The shifting dichotomy between productive and reproductive labour, which has been at the centre of feminist and transfeminist debate since the middle of Sixties (Mitchell, 1966; Benston, 1969, Morton, 1971; Federici, 1975), has generated a new wave of reflection produced by the effects of the Covid-19 pandemic (The Care Collective, 2020) when the home, once again, became a place of spatial overlap of different activity: work, sport, school, care.
The Fordist revolution split the productive and reproductive apparatus into well-defined spatial domains, on the one hand, the factory or the office, and on the other the home, considered the realm of the ‘full-time’ housewife. Towards the end of the 19th century and for much of the 20th , the home is the place where another capital is accumulated, linked to childcare, space maintenance and food preparation: “Far from being a pre-capitalist structure, the family, as we know it today in the West, is a creation of capital for capital’s sake; it is an institution that must guarantee the quantity and quality of labour-power, and its control” (Federici, 2020: 22).
The remote work, which was strongly experienced during the pandemic, brought these two forms of labour together in the domestic space with new effects on women and carers. The overlapping of production and reproduction (Palermo, 2022) has led to a spatial overlapping of different spheres of activity as well, transforming the home into a diverse workplace.
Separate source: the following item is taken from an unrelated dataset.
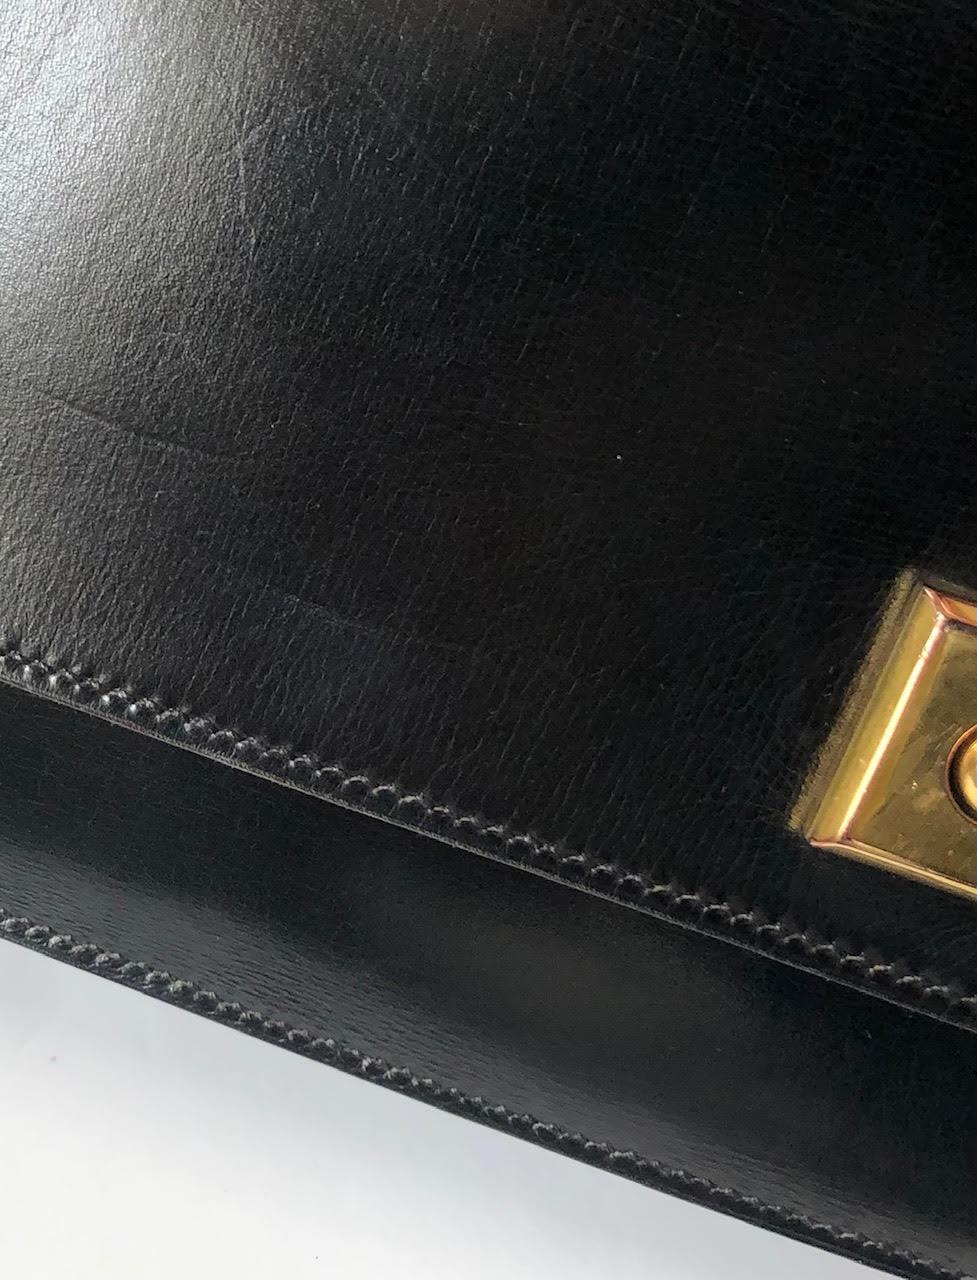 HERMÈS Piano Handbag Black Box Leather Vintage Circa 1960s W/Box 9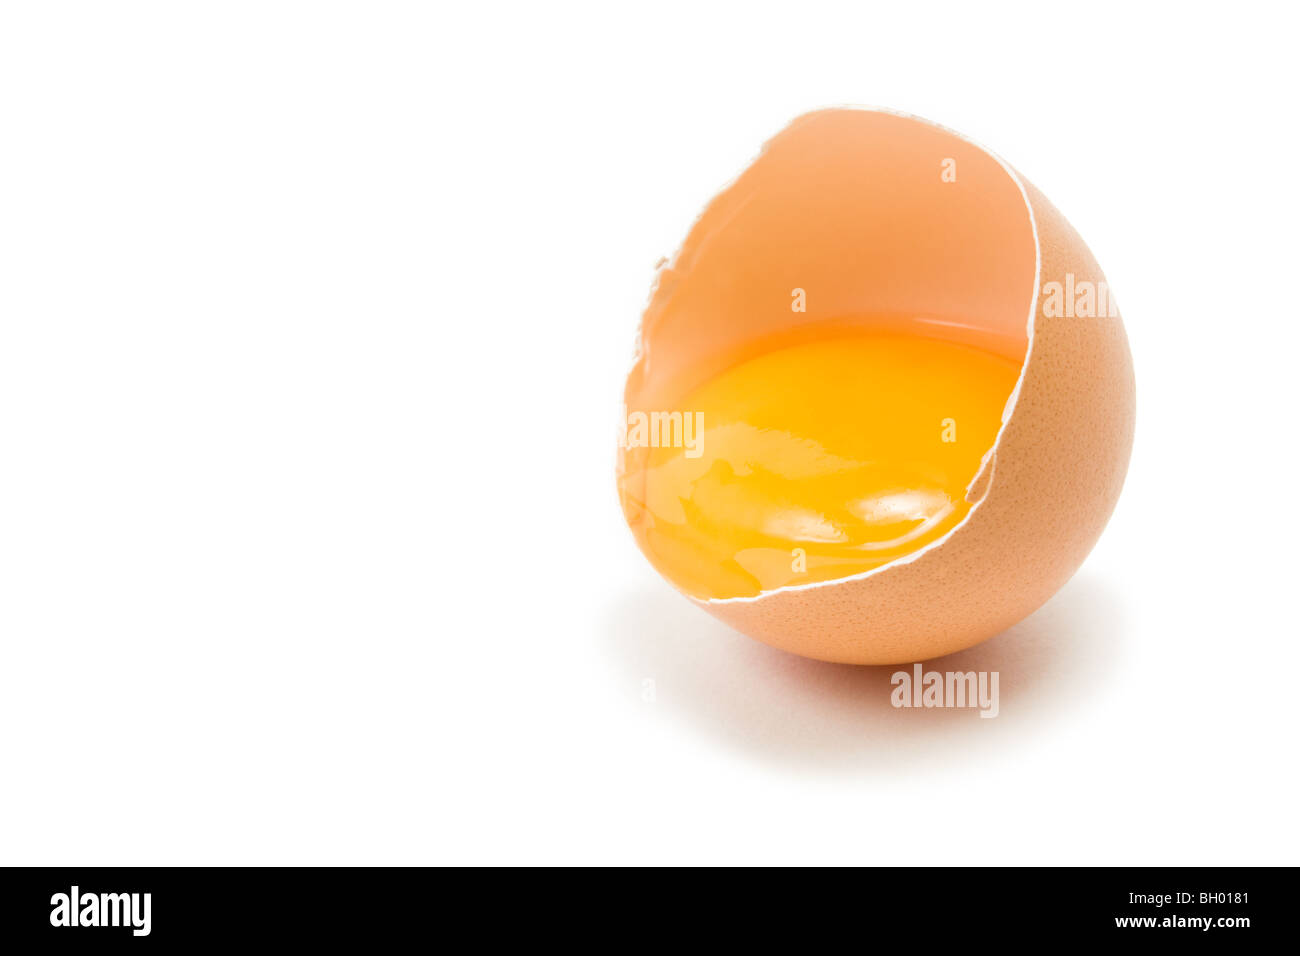 Single cracked open Hens Egg showing yolk isolated against white background Stock Photo

What has occurred is nothing more than “a model of what women’s work has historically been. An inextricable continuum between productive activity and life” (Chisté, Del Re, Forti, 2020). If the emergency phase has shown the limits of the work and space overlap that has particularly affected women, it has, however, brought forth new possibilities for the design of places between the home and the street that can act as ‘social infrastructures’ through which to build and care for community (Forino, 2019, 2022).
Early examples of the externalisation of domestic tasks, in order to free women appeared at the beginning of the 20th century by several utopians, researchers and designers who rethought the home through the collectivisation of certain essential services for the family – such as cooking, washing and ironing laundry, managing household chores, looking after children. If these historical examples represent the identification of a field of architectural and social experimentation at the resolution of the combination of reproductive, productive and caring work, developed over time (Hayden, 1981), one of the challenges of contemporary design is to offer solutions that place care at the centre of an extended and integrated vision of the various stages of life.
The speech aims to bring together and present:
– examples, research and historical studies of experimental domestic projects for solving the combination of reproductive, productive and care work;
– contemporary architectural examples, research and studies working towards greater integration of women’s role in society and showing solutions for externalising domestic tasks to create social infrastructures aimed at increasing work-life balance and gender balance (e.g. communal services, collective kitchens, multigenerational spaces, etc.).
The presentation will be held on 3rd April, room 505, Elm House, Moulsecoomb Campus, School of Architecture Technology and Engineering, University of Brighton, section “Domestic Labour”.